• [Data to examine]:

┄┄┄┄┄┄

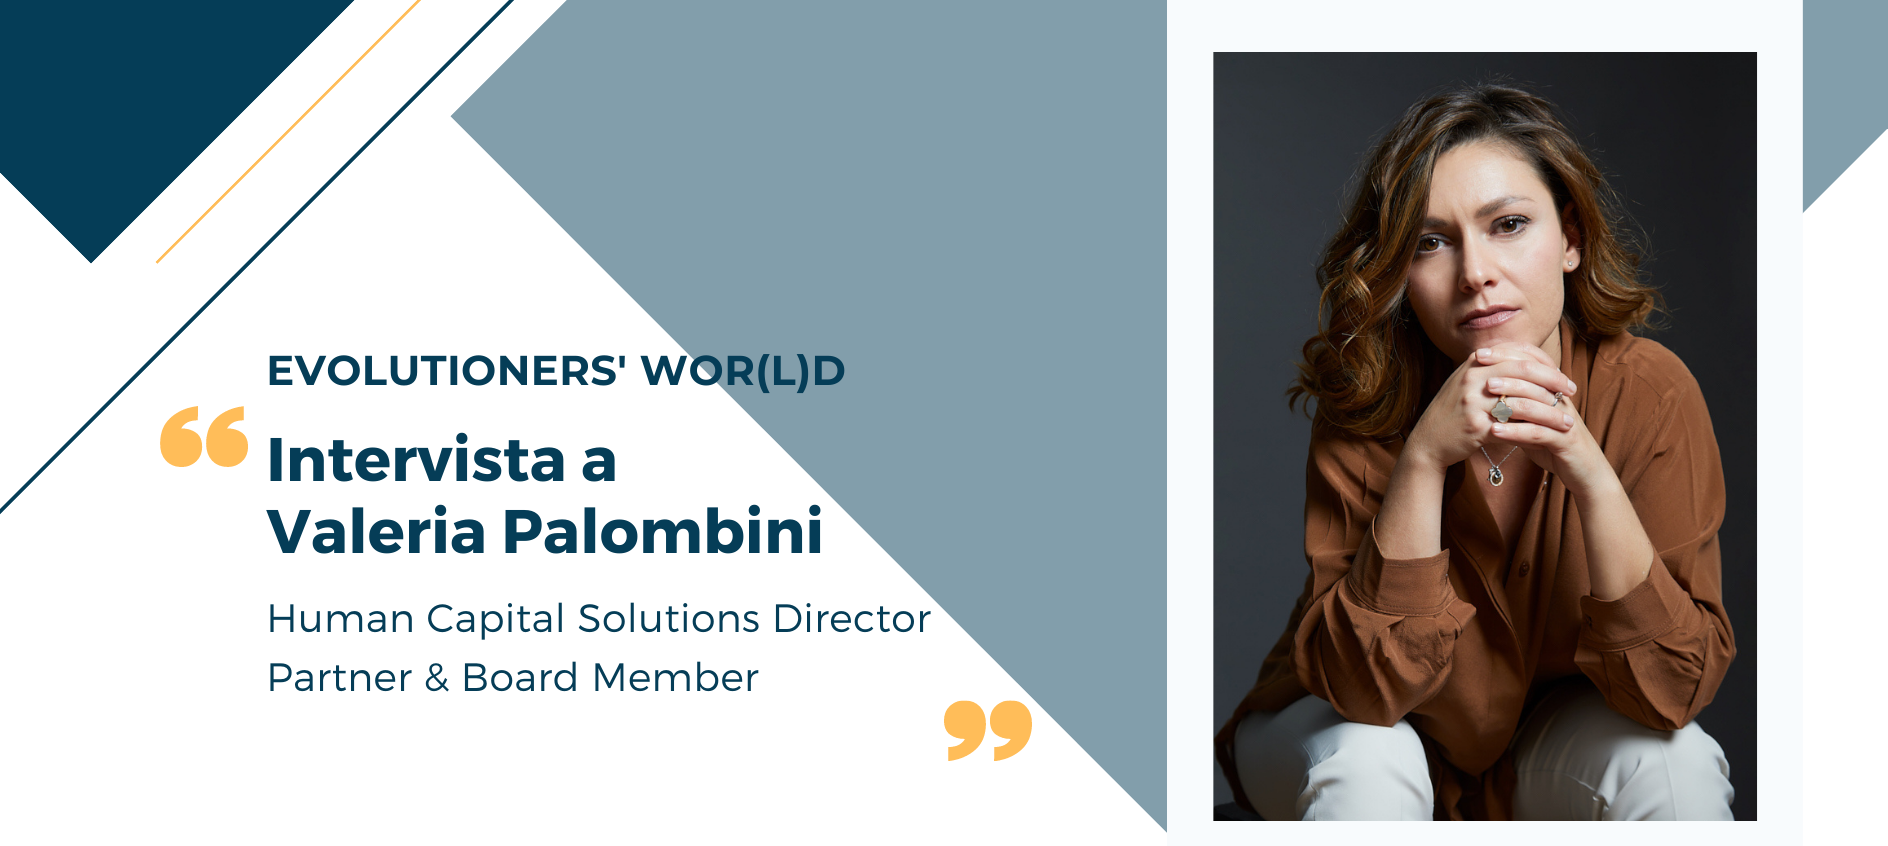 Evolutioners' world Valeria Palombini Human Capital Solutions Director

┄┄┄┄┄┄

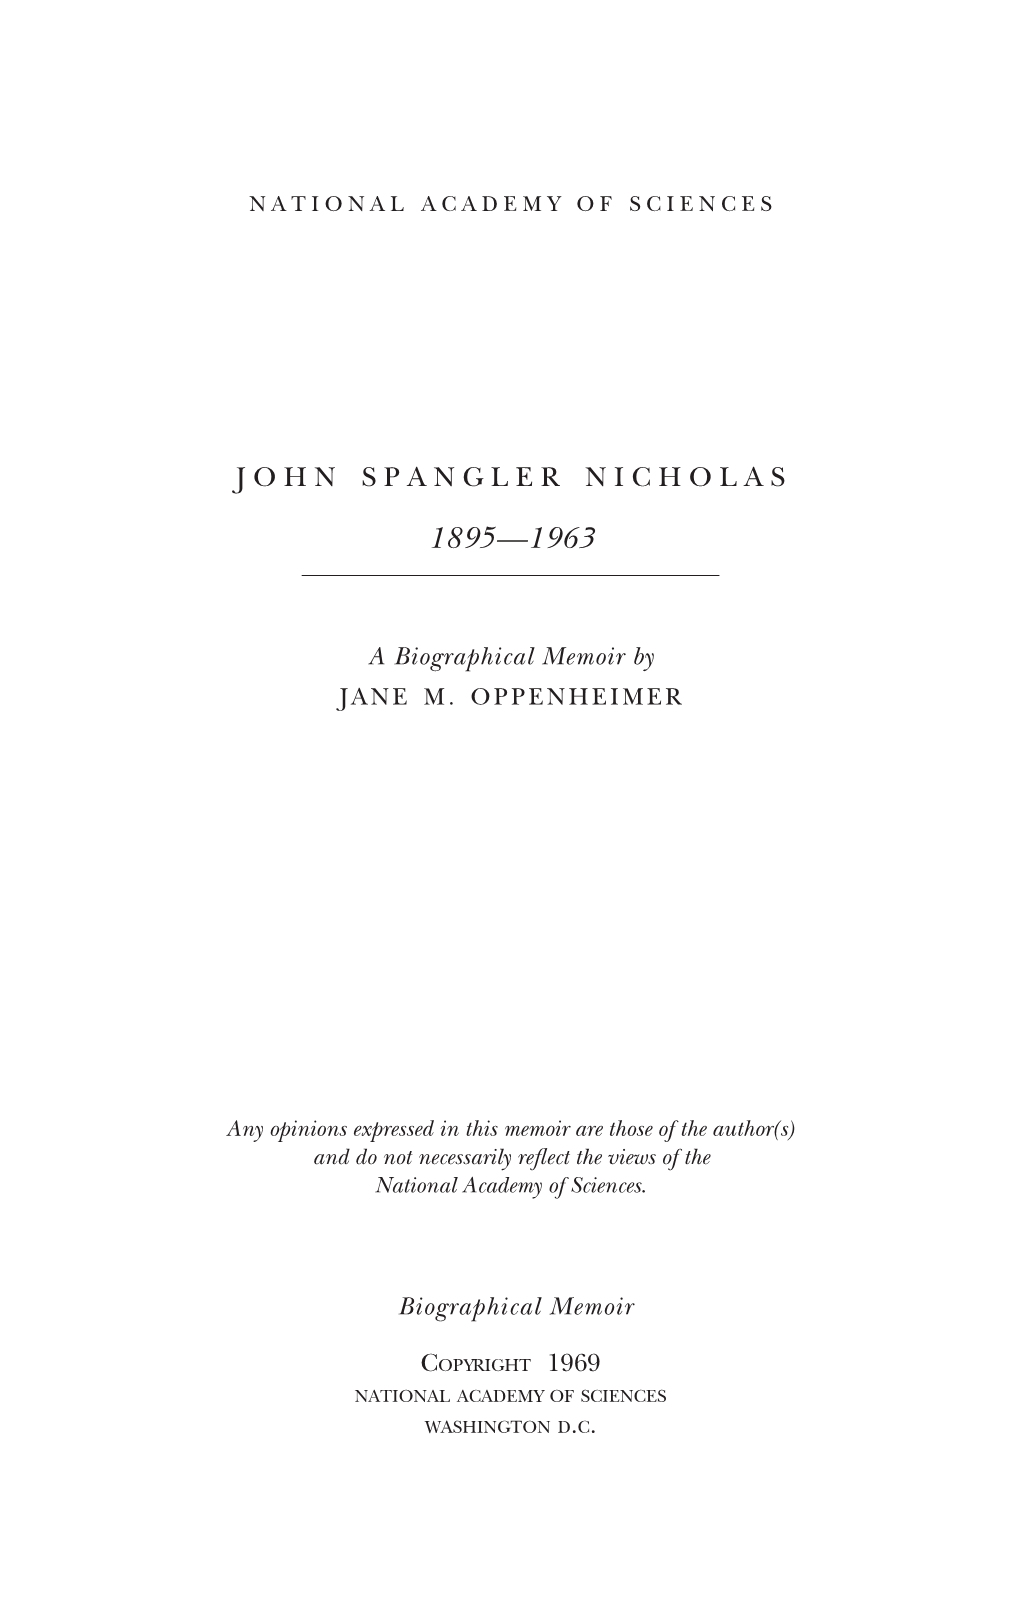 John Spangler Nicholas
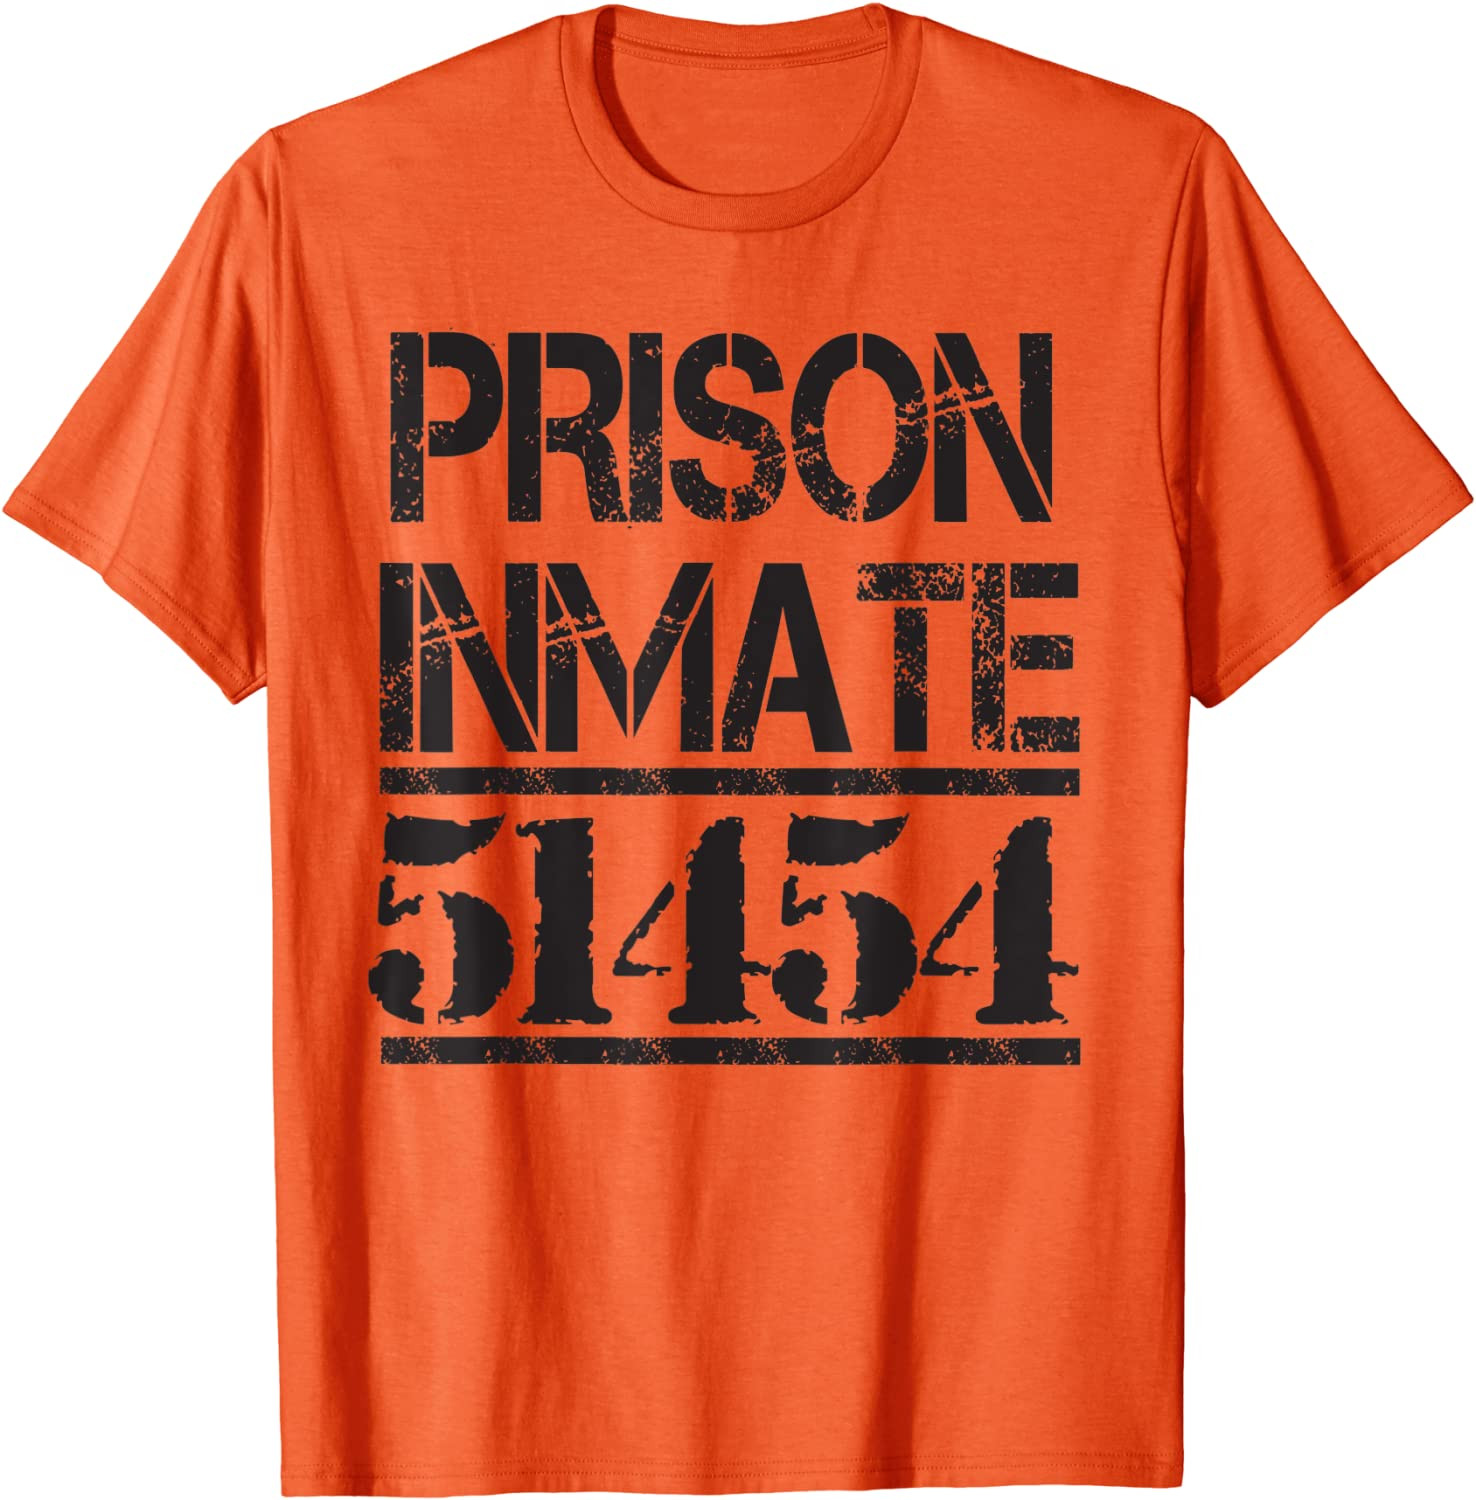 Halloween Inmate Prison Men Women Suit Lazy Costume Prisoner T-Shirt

┄┄┄┄┄┄

• [How to complete this task]: In the data above, find the line containing "John Spangler Nicholas" and the line containing "Halloween Inmate Prison". Repeat those two lines and everything between them exactly, minus the pictures.

• [Response area]:
 John Spangler Nicholas
 Halloween Inmate Prison Men Women Suit Lazy Costume Prisoner T-Shirt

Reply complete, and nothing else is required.